How to handle who pays on a first date. I hate when the check comes and it’s awkward. Am I expected to pay because I’m the guy? Does that depend on the girl? Is it who asked the other out? 50/50 because I support feminism? Should she pay? Is it based on who makes more? Not that that conversation always comes up but if one person is between jobs or something obvious? Fuck if I know. I seem to pick whatever answer is most likely to offend my date.
And who’s job is it to plan the first date? I feel like girls expect the guy to do it.
Well, since not every man is looking to date a woman and vice versa, we can’t really say ‘the man should pay’ or ‘the man should plan the date’ right? Plus, not everyone identifies as male or female.
Here’s the TL:DR: everyone should just assume they are paying their own way, and whomever does the asking should do the planning.
Who should pay?
When I was dating (I’m a woman; I’ve only dated men) I liked to pay for my share on a date in case the dude was a creeper and somehow thought him paying for my tacos and margarita meant something was owed him. That’s obviously bullshit any way you look at it, but still, I wanted to make it clear that we were still acquaintances just getting to know one another, same as if I was hanging out with a new friend for the first time. If a guy insisted on paying I’d usually let him; sometimes I insisted on paying. I certainly didn’t judge him negatively if he wanted to split the tab.
The main exception to this is if you want to go somewhere fancier than, say, your average restaurant that takes — but doesn’t require — a reservation. If the date is going to run them more than a typical night out with their friends, it’s a good idea to make them aware so they can decline if it’s too expensive. Same if you are offering to go somewhere like a sporting event* or Broadway show. Not everyone can drop $100 on date night, so if that’s what you really want to do, I suggest saying outright that you have two tickets and would like to take them. Then it’s understood that the evening is on you.
It’s possible you’ll run into someone who expects you to pay regardless. In the scenario you describe above, if you ask out a woman and she expects you to pay, it’s up to you to make of it what you want. She may go by the idea that the person who does the inviting does the paying. That’s not my style, but it’s not an entirely asshole move. At the same time, she may also be signaling that she’s more into ‘traditional’ gender roles. But who knows; it will probably take more than one date to suss that out.

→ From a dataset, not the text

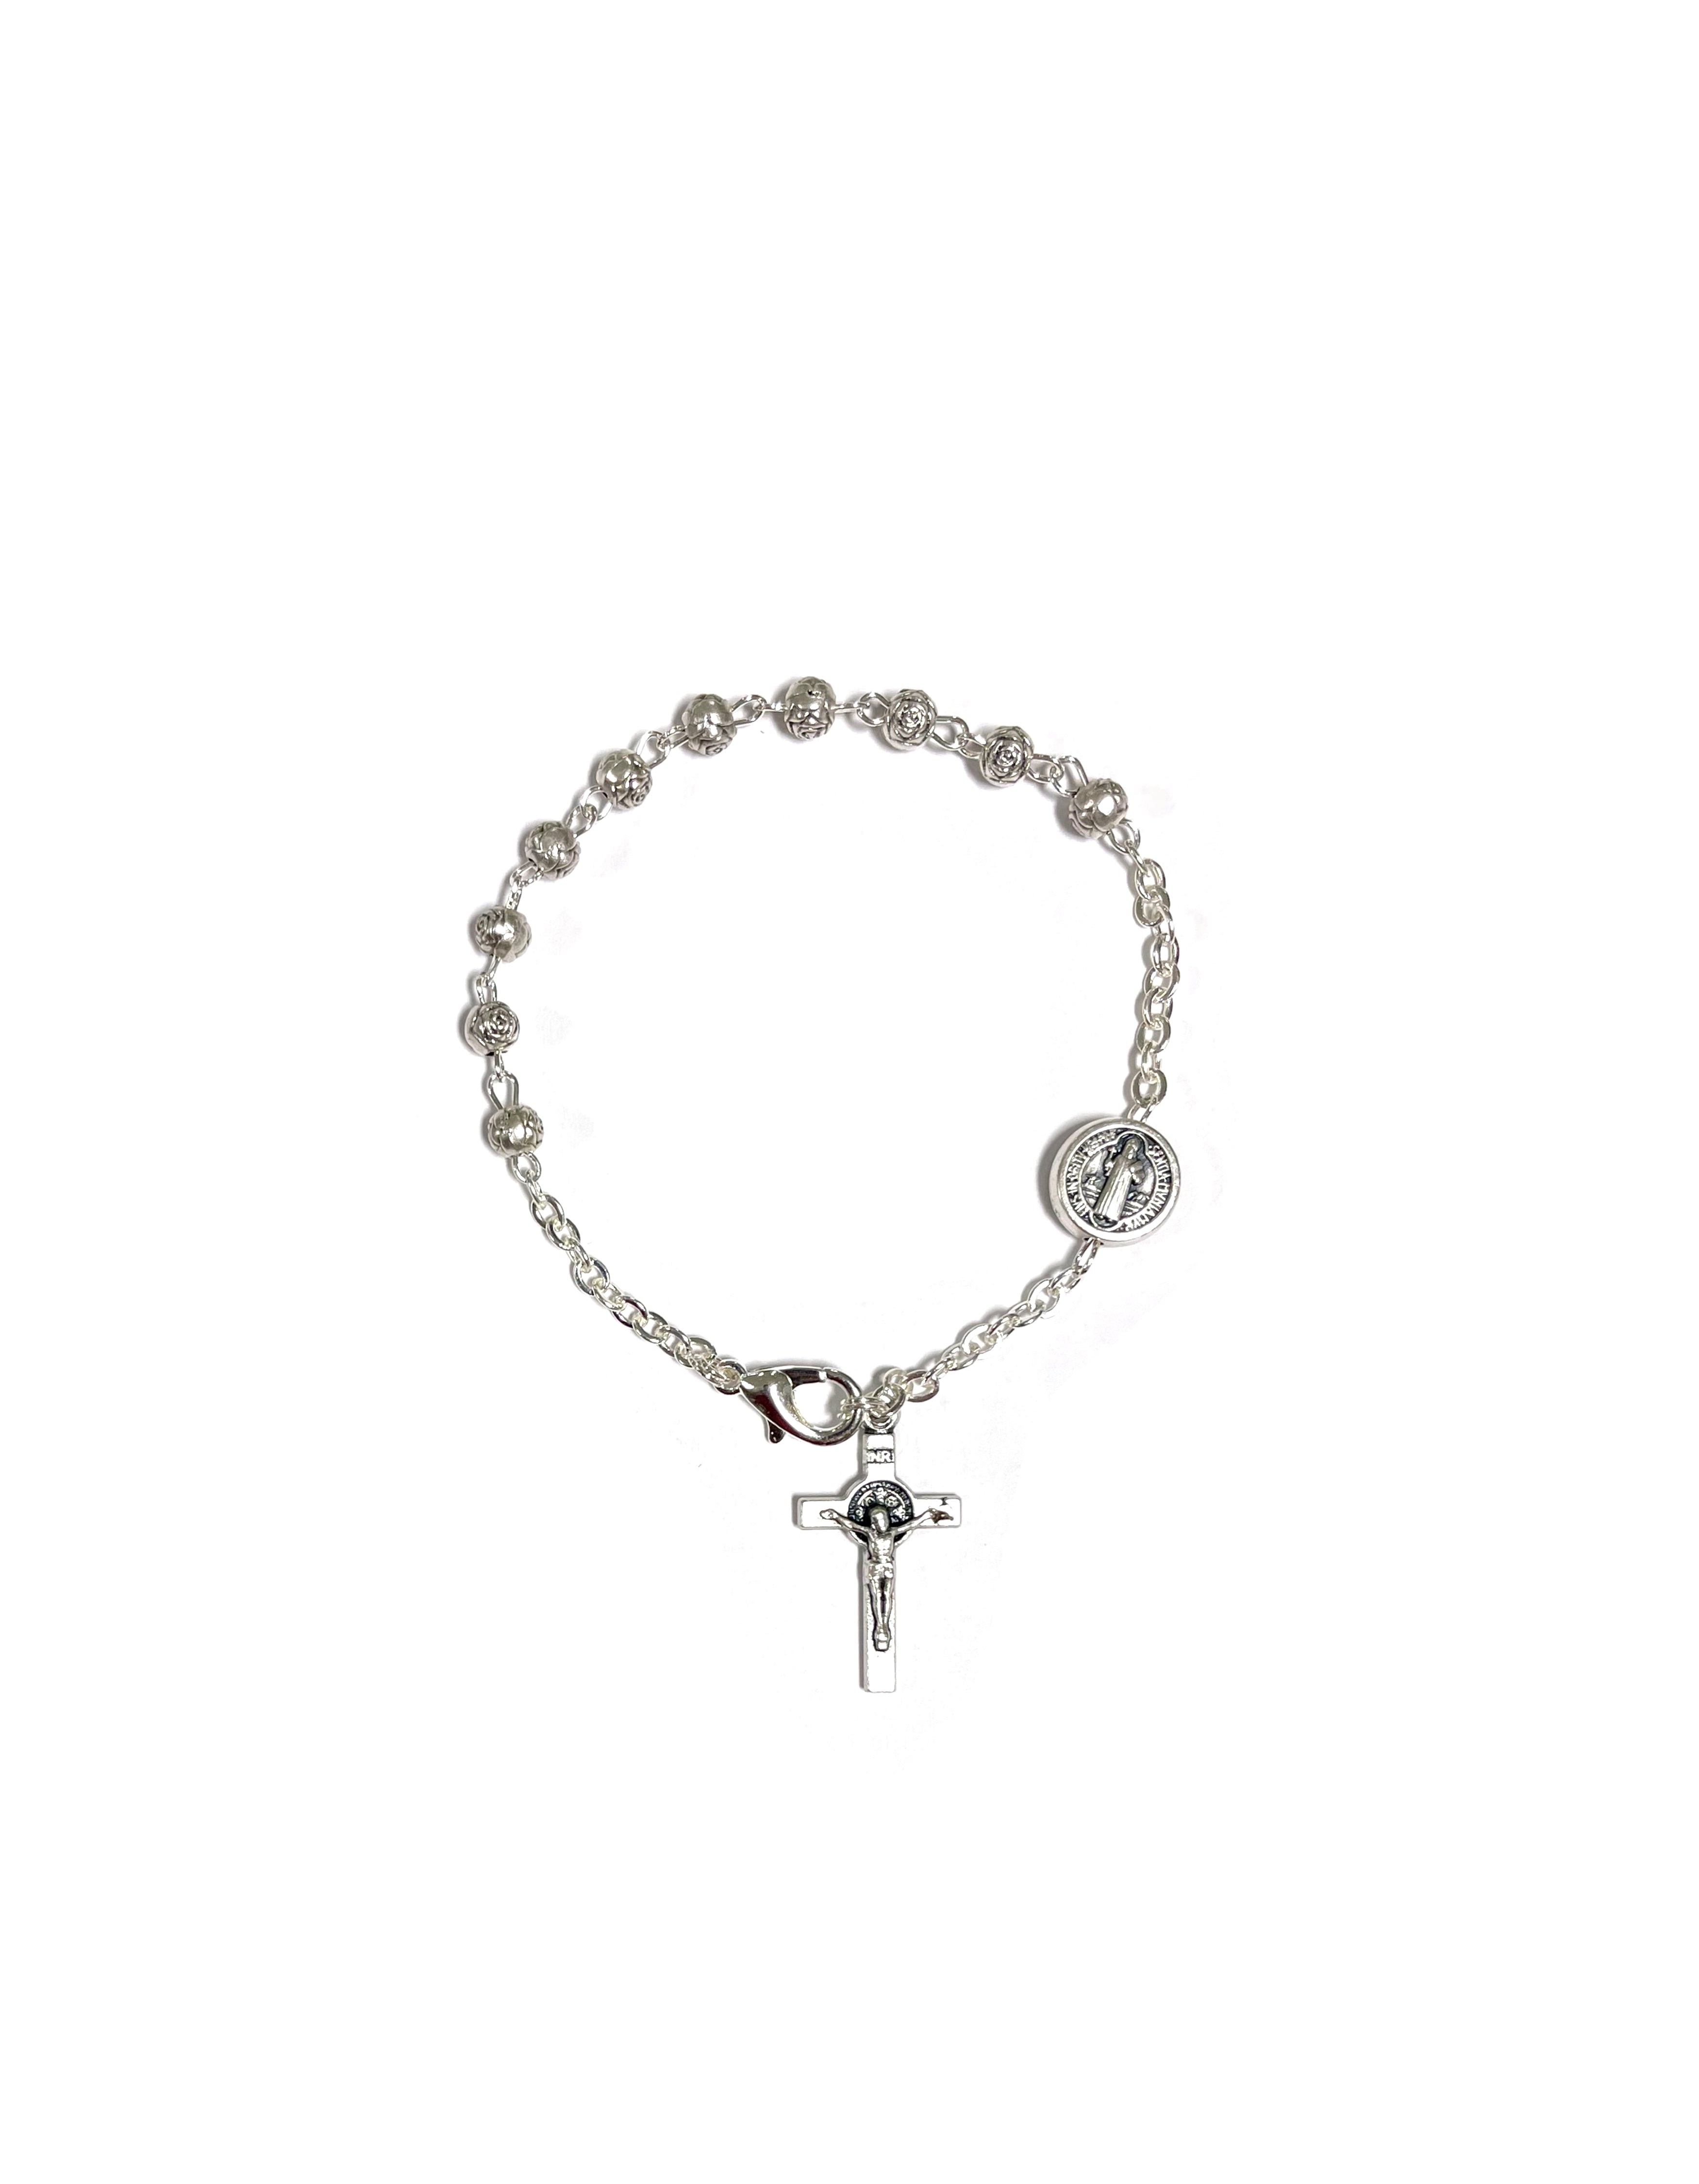 Oxidized silver Saint Benedict bracelet with rose-shaped beads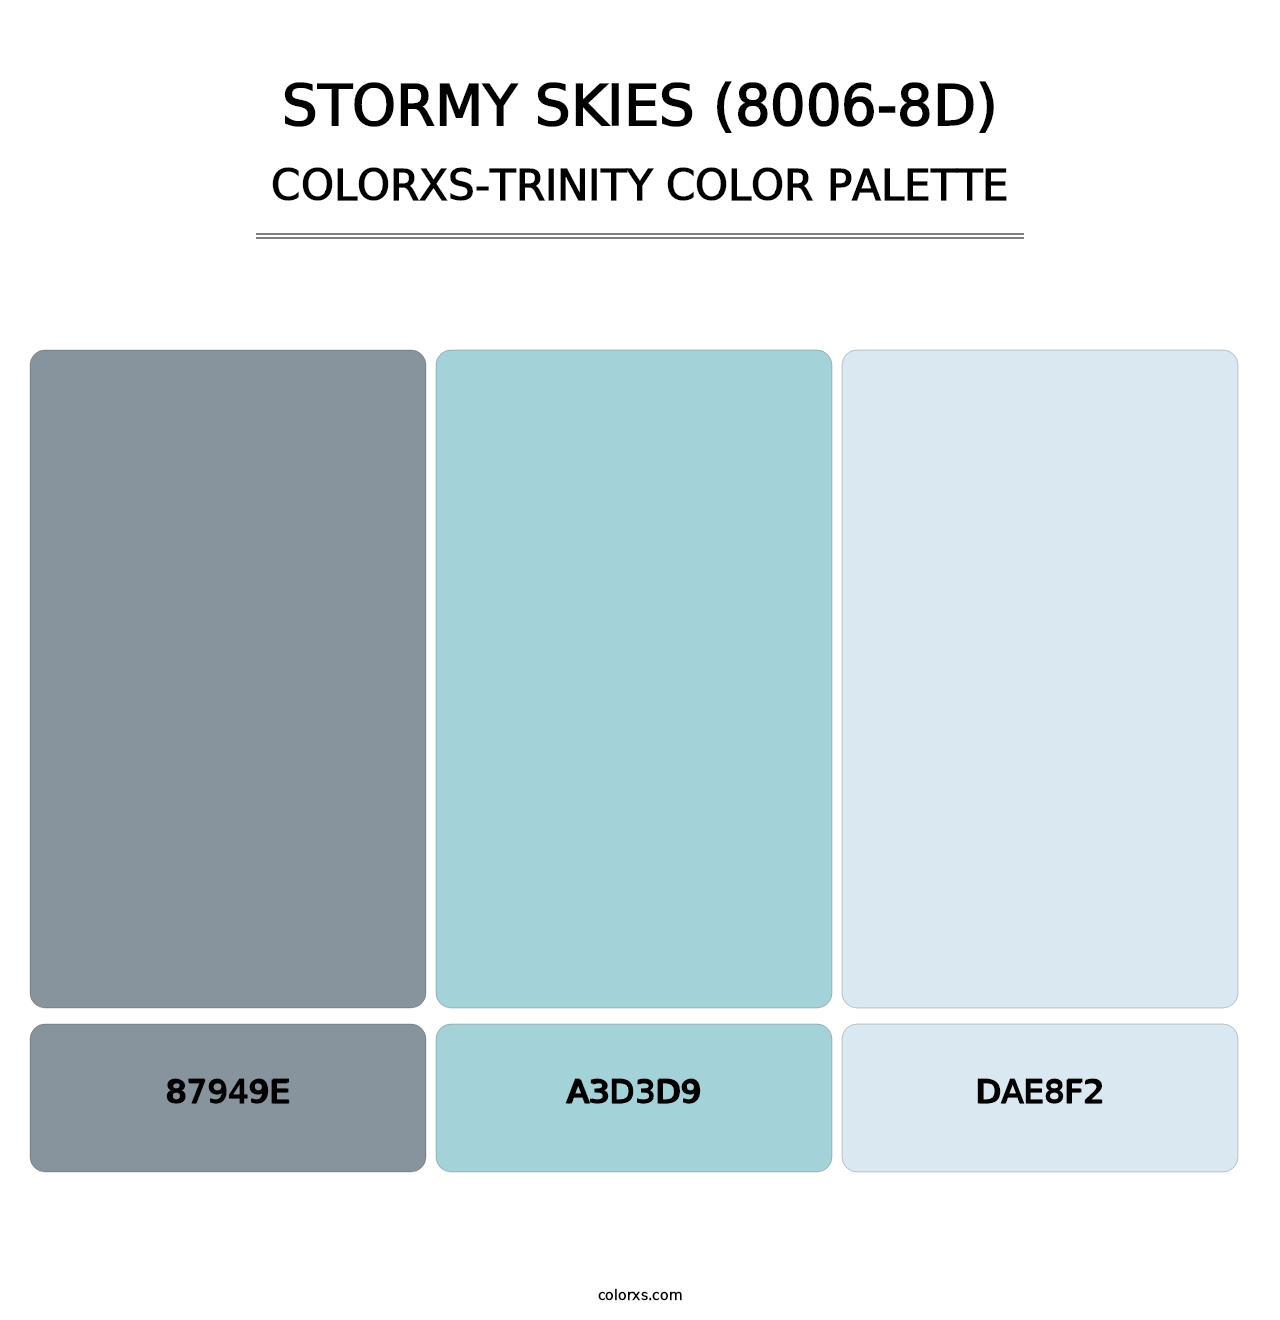 Stormy Skies (8006-8D) - Colorxs Trinity Palette

One last thought on paying: If you literally cannot afford anything other than a couple of drinks, ask her to meet for coffee in the park or some other public spot. You can talk, get to know each other, and not be worried that come bill time you’ll have to overdraw your checking account.
Who makes the plans?
As far as setting up the date goes, default to whomever initiated the meet-up. If you asked someone out, you’re responsible for figuring out what you’ll be doing. The person you ask out should be up front if they have any deal breakers (a seafood place is a bad option for someone violently allergic to all shellfish), but beyond that, you want to hang out, you pick the place.
If the person you’re going to go on a date with invited you but insists on you setting it up, I don’t think that’s an asshole move either. It could mean they are just tired of coming up with the plans; it could also mean that they’re interested in learning what you like to do so want to give you the chance to set something up. Like many things in dating (and in life), it’s a bit of a crapshoot, so don’t read too much into it. Just pick a place and go.
*Ask me about my brutal first date to a pre-season NFL game. This was before texting, so to get advice from my sister I had to call her from a bathroom stall. Good times.